Ok, so I’ve not seen any Dragon Gate in ages but instead of trying to force myself into watching a big-time match I’m going to slide back in with a throwaway trios match from Korakuen Hall, which involves a lot of the newer talent that I’m less familiar with. Ben-K has a big reputation. I’m only really familiar with Eita, Big R and Kotoka. And the latter looks completely different from the last time I saw him. This is exactly what I want from Dragon Gate; fast paced craziness with a minimal respect for the rules of professional wrestling. Lucharesu out the ass. It’s a reminder that if selling is your thing then Dragon Gate is not for you, AT ALL. The match is suitably fast paced with frequent changes of participants. It’s very spotty but it’s a style that has been adopted, albeit in moderation, by virtually every other promotion on the planet. Nobody really stands out but Big R is probably my favourite guy in the match as he does big powerhouse moves while everyone else is doing the same stuff. Eita submits Kotoka to get the win. This was fine. I enjoyed it. My previous complaints about Dragon Gate remain valid. I think their matches are too samey and while I enjoy the style I can’t watch an entire show of it, especially when their shows are 3-5 hours long. I’m looking forward to seeing CIMA, Eita and Mochizuki in the UK when they’re over.

Final Rating: ***1/2


June 6 2017


Wrestle-1 Championship

Shotaro Ashino (c) vs. Koji Doi

Wrestle-1 is a peculiar place. After fucking up KAI’s run on top they ended up using Yuji Hino to bail themselves out and just when he’d established himself as one of the best possible choices as champion they took it off him. I lost interest. I’ve come back because Wrestle-1 decided to put the title on Shotaro Ashino, which is a pretty radical concept as he debuted in February 2015. They’ve put the future of the promotion in the hands of a virtual rookie. Doi is the same age, 27, but he has more experience. He was one of the guys in Tajiri’s SMASH promotion that Wrestle-1 bought out in 2014.

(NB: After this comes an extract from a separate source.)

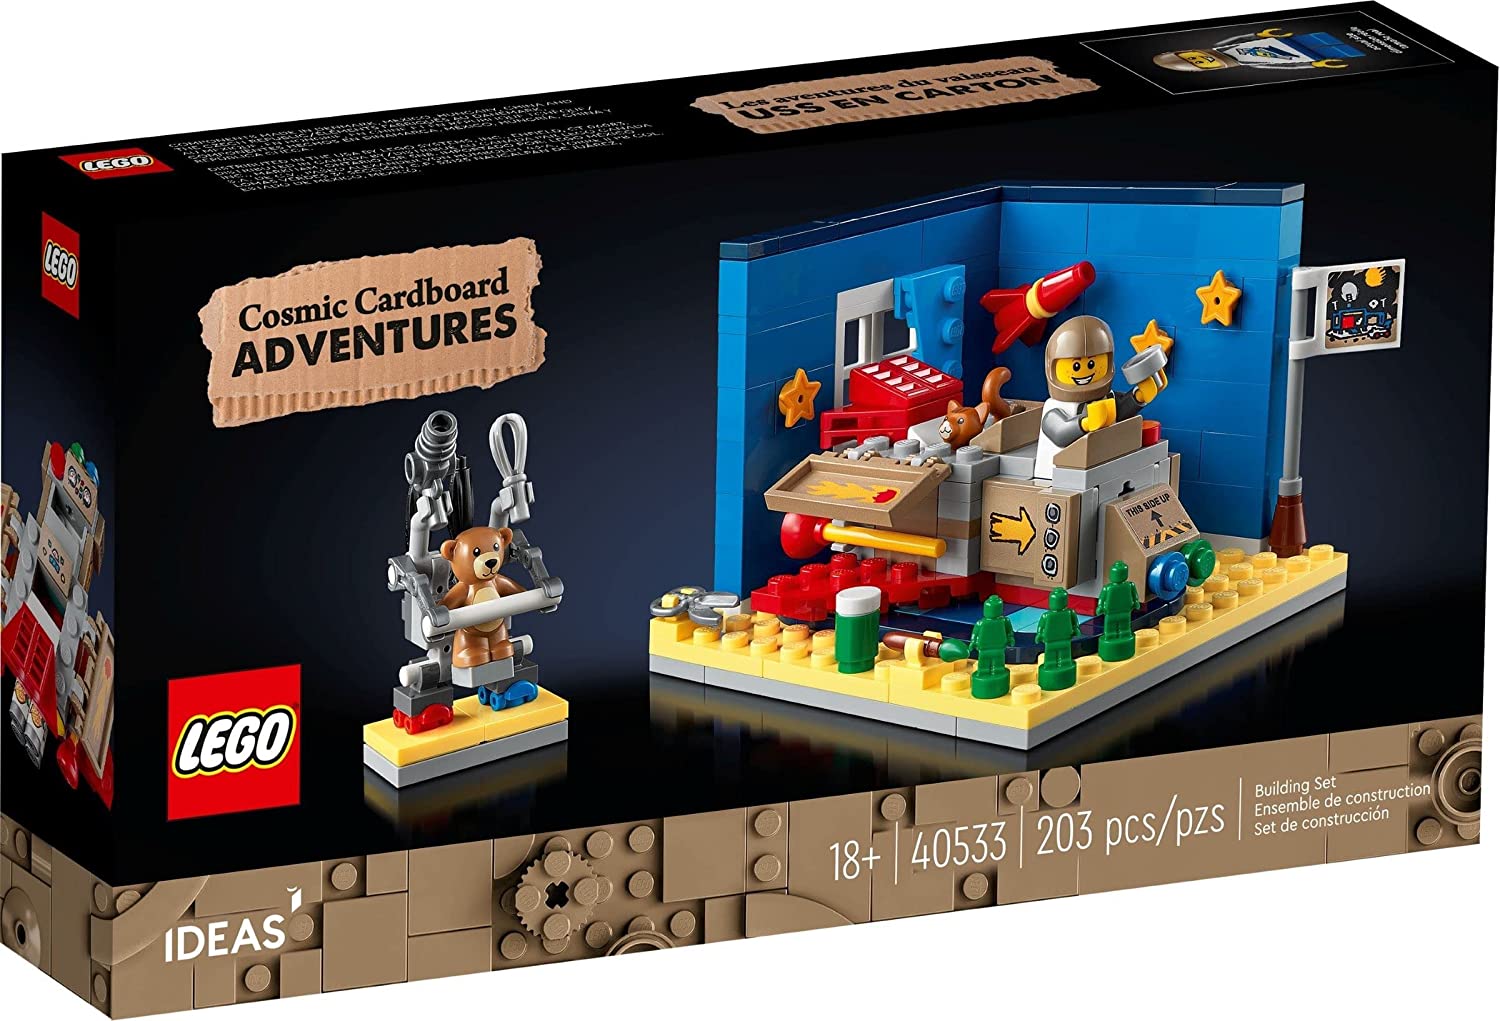 Immagine relativa a LEGO Set 40533 - Abenteuer im Astronauten-Kinderzimmer
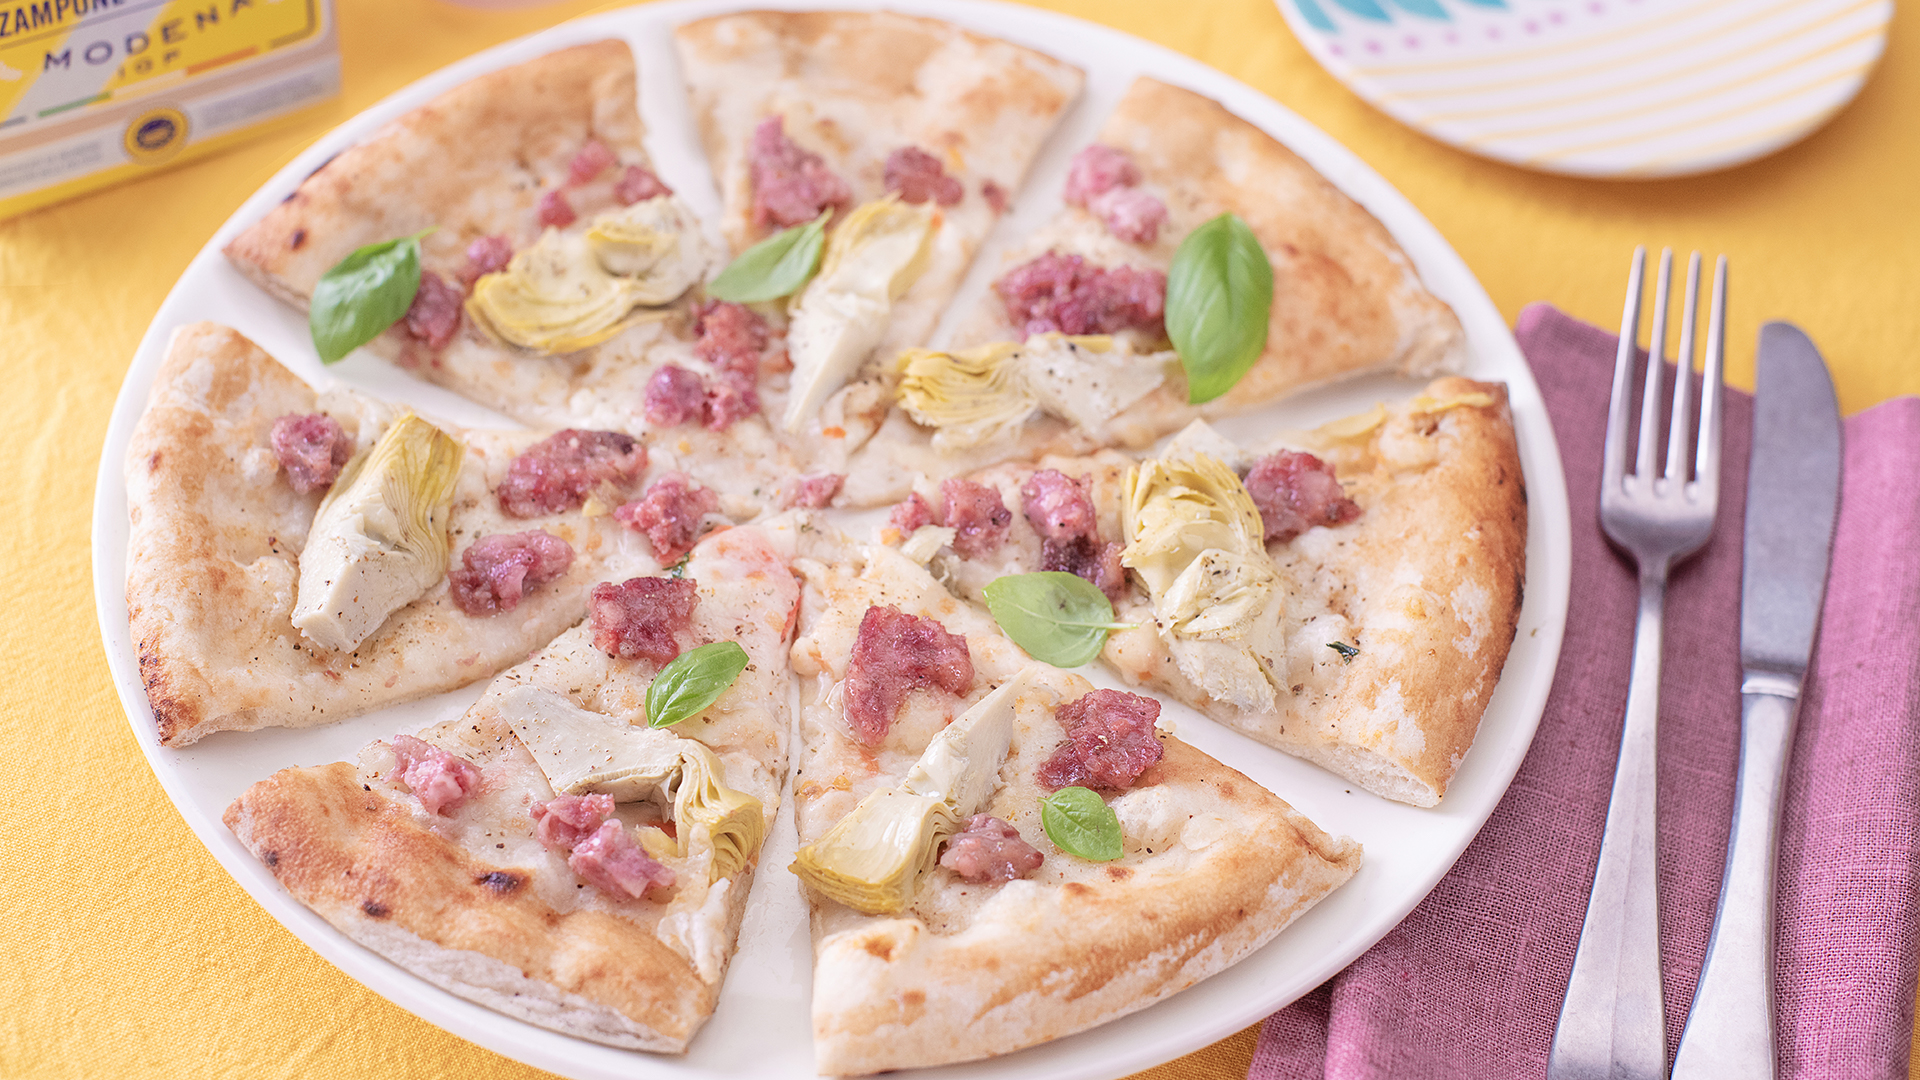 Ricetta della pizza con Zampone Modena IGP e carciofi – Video ricetta

He’s a handsome young man, with well maintained hair and just a hint of a beer gut. Suggesting he’s going to be one of those heavy-hitting bastards over the course of his career. Seeing as SANADA went from here right into Los Ingobernables de Japon, maybe we should be paying attention to Wrestle-1 as a potential breeding ground for future NJPW top talent. Koji Doi is an asshole. He gets bigger every time I see him, thanks to intense weight lifting. Unlike our boy Ashino he’s not out sinking pints with the Yakuza every night. He’s in the gym, lifting heavy things like a boring fucker. It turns out Ashino has turned into an absolute savage. He wants to mangle Doi’s leg and mutilate that swine’s knee so he can’t stand and can’t lift anything and can’t piss him off anymore. The crank he gets on a simple leglock is fucking beautiful. If Doi would actually sell the leg that would help but hey, it’s 2017 and nobody bothers with that anymore. The match is at it’s best when they’re both on the mat. It’s the strength of both and they love a submission hold. Doi also has a lot of rage and they love the suplexes and strikes. It turns into a meaty contest between two manly men. Ashino is persistent with his leg abuse and keeps catching the anklelock. Eventually he hooks it in the middle of the ring and Doi hasn’t got the energy to crawl into the ropes. He tries to stop himself from tapping out but the pain becomes too much.

Final Rating: ****



I missed quite a lot of stuff this year and that’s with me watching wrestling like a lunatic. There’s more besides this so I’ll keep on dipping my toes into the unknown each week and coming up with yet more weekly round up columns. Watch this space.